Marko Totka

Personal information
- Full name: Marko Totka
- Date of birth: 12 September 2000 (age 25)
- Place of birth: Skalica, Slovakia
- Height: 1.73 m (5 ft 8 in)
- Position: Midfielder

Team information
- Current team: ViOn Zlaté Moravce
- Number: 27

Youth career
- 2004–2009: Skalica
- 2009–2016: Senica
- 2016–2017: Skalica
- 2017–2019: Senica

Senior career*
- Years: Team / Apps / (Gls)
- 2018−2021: Senica / 47 / (0)
- 2021: Sokol Lanžhot / 13 / (0)
- 2022: Senica / 11 / (0)
- 2022−2023: Liptovský Mikuláš / 17 / (0)
- 2023−2024: Sokol Lanžhot / 42 / (8)
- 2024−2025: Redfox Stará Ľubovňa / 25 / (2)
- 2025−2026: ViOn Zlaté Moravce / 29 / (1)
- 2026-: Šamorín / 0 / (0)

International career^{‡}
- 2020: Slovakia U21 / 1 / (0)

= Marko Totka =

Slovak footballer

Marko Totka (born 12 September 2000) is a Slovak footballer who plays for Šamorín as a midfielder.

==Club career==
===FK Senica===
Totka made his Fortuna Liga debut for Senica against ViOn Zlaté Moravce on 18 May 2019. During this home fixture, he came on as a replacement for Sacha Petshi, as Senica was in a 2 goal lead.
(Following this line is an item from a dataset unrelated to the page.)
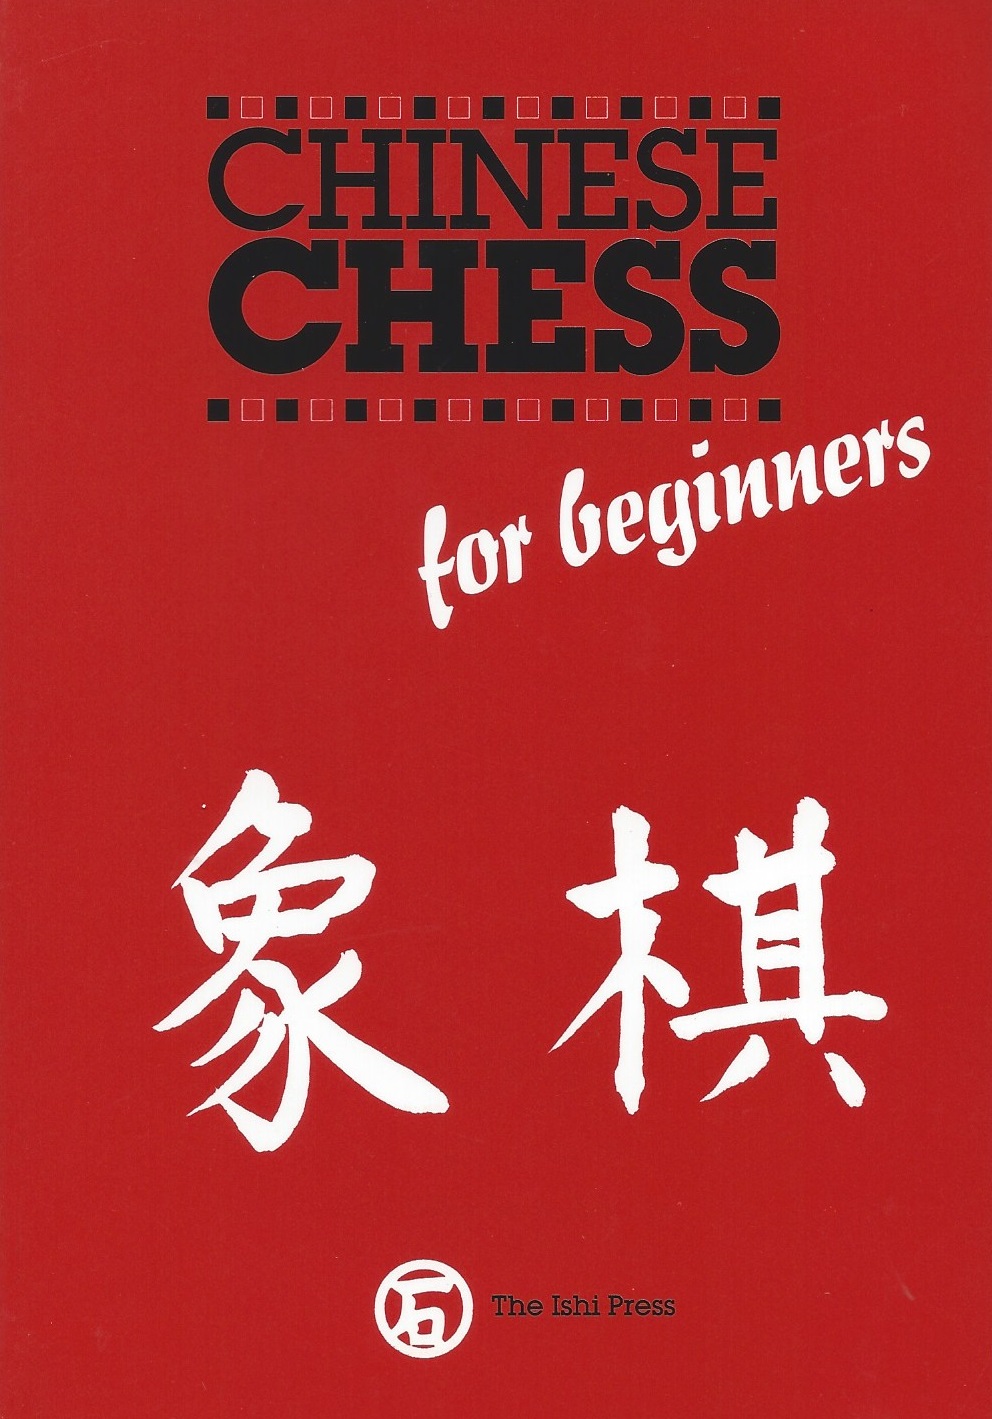 Chinese Chess for beginners, Sloan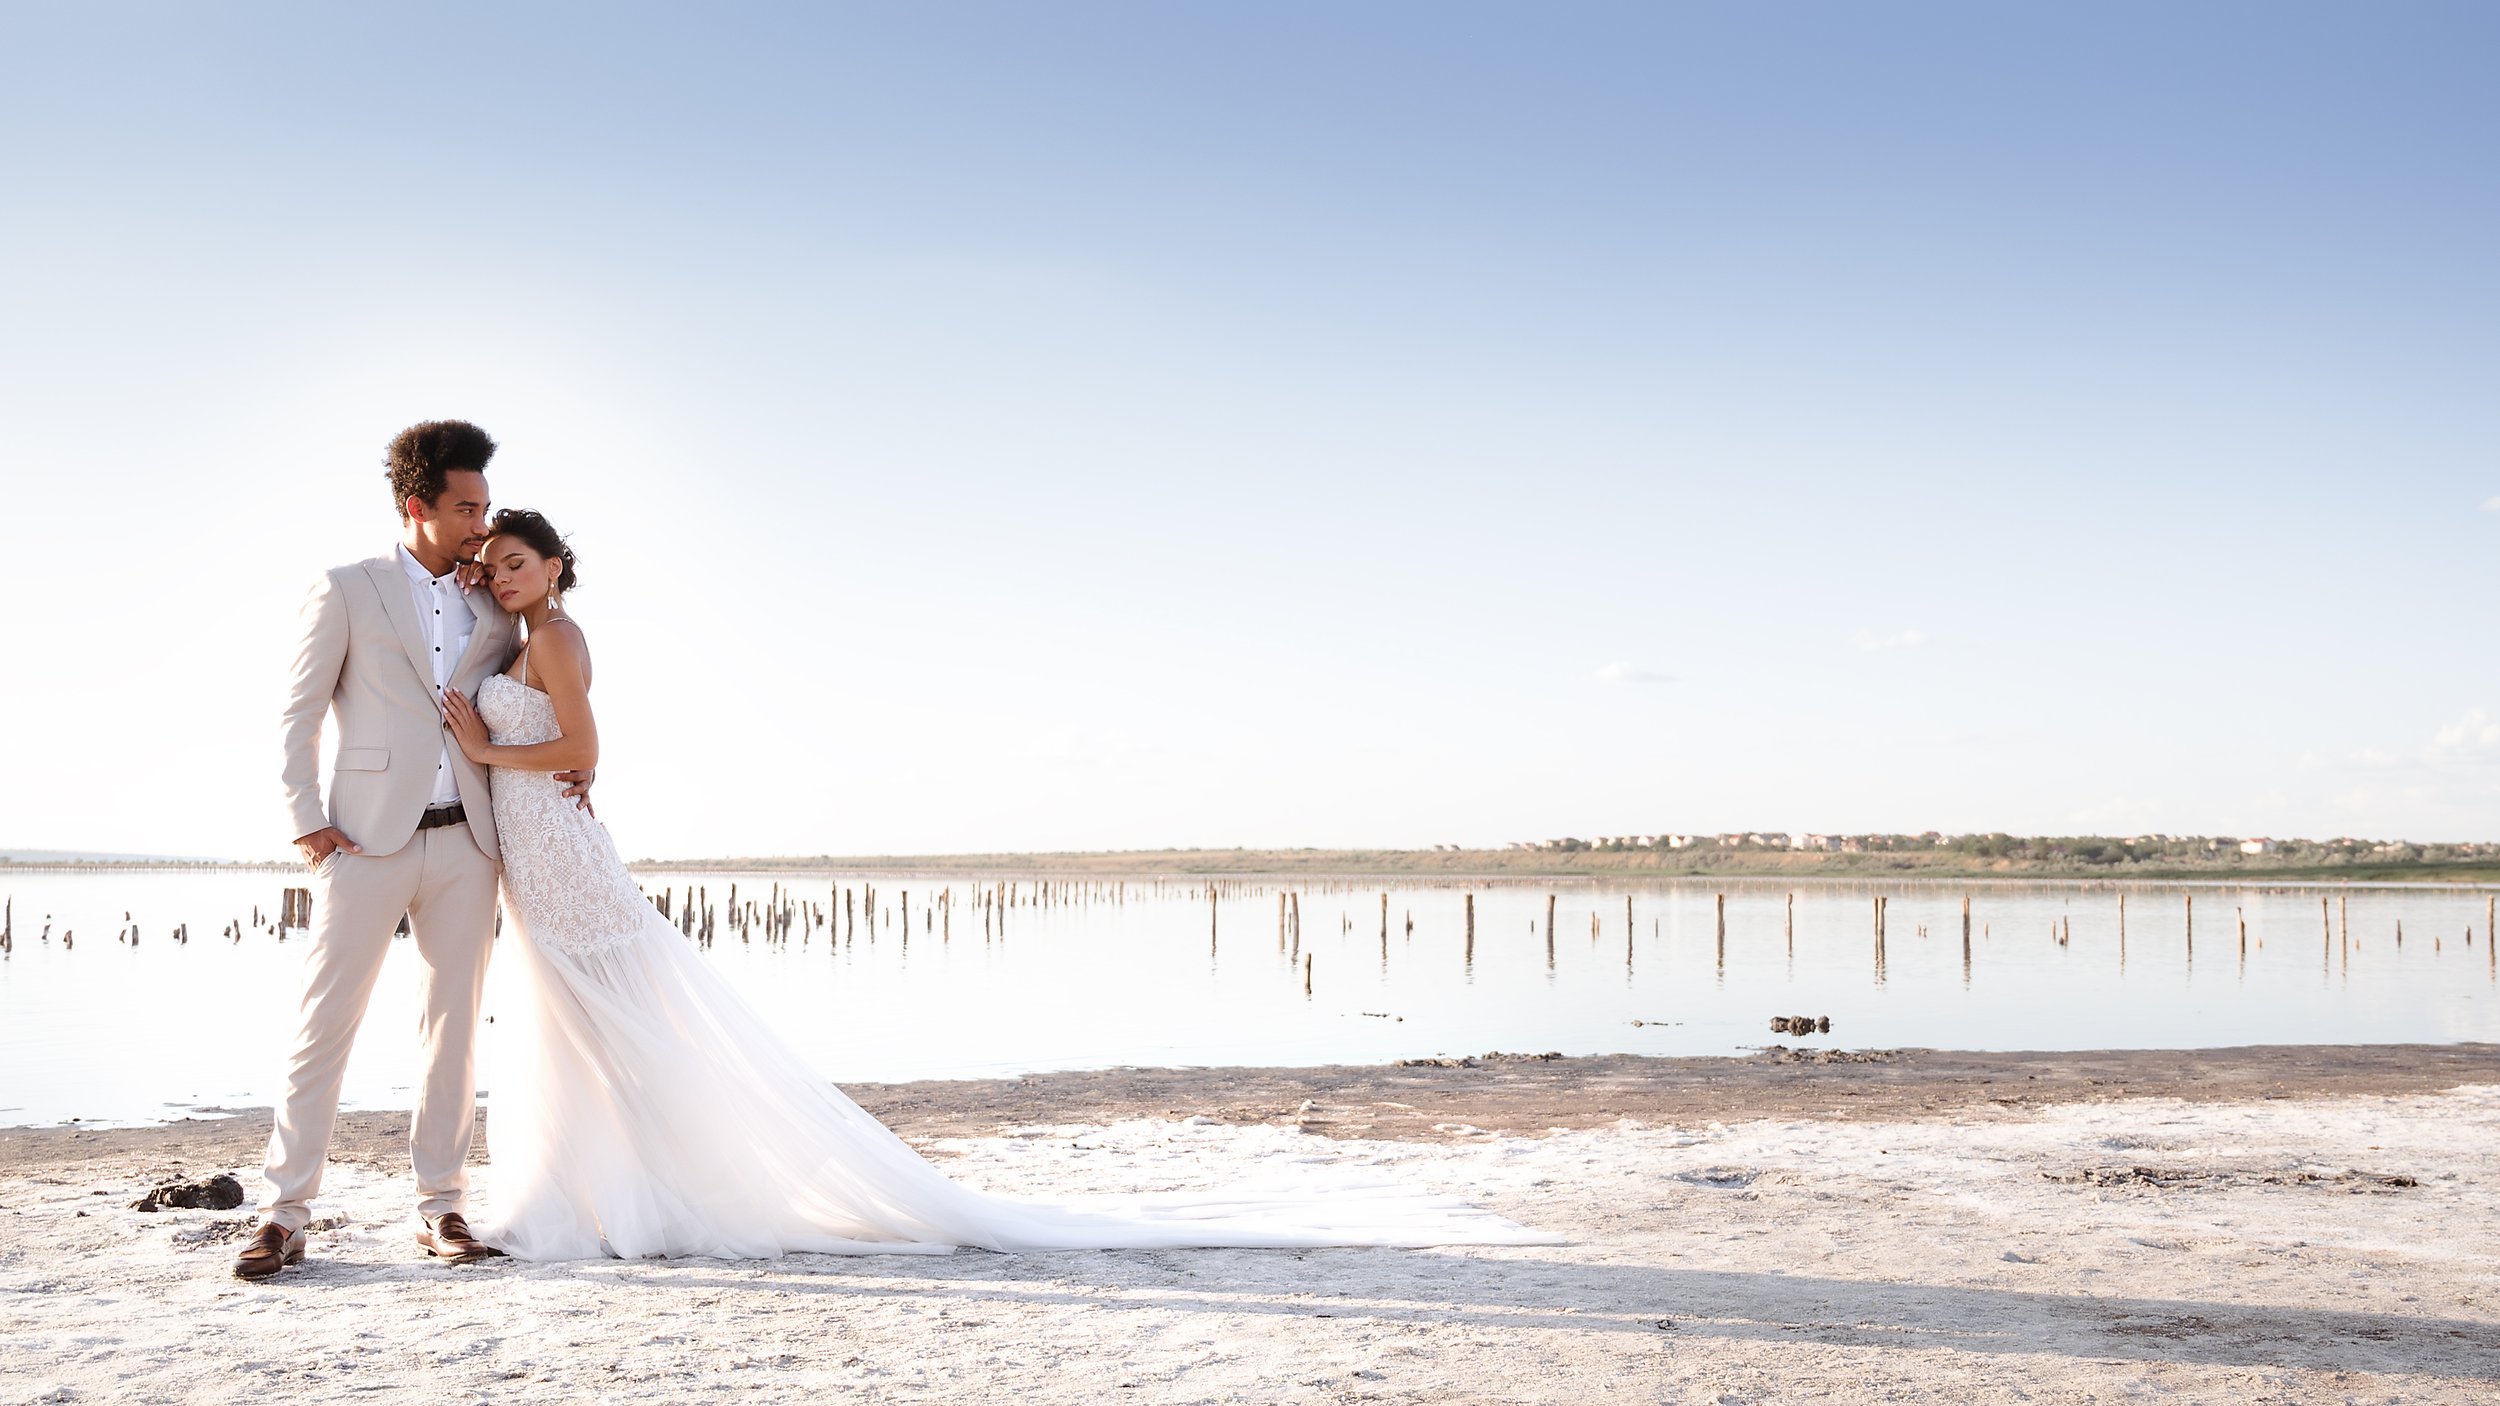  Under a clear blue sky the bride and groom are stood on the beach. The bride is leaning into the groom with her head resting on his shoulder and the groom has his left arm around the bride and is other hand in his pocket.  The groom is wearing a cre

Totka's side held on to the lead and had managed to avoid relegation. In the final match of the season, Totka was fielded again for the entire duration of the away match against Železiarne Podbrezová, who were to be relegated. Senica had lost the game 1:0, after a goal by Daniel Pavúk.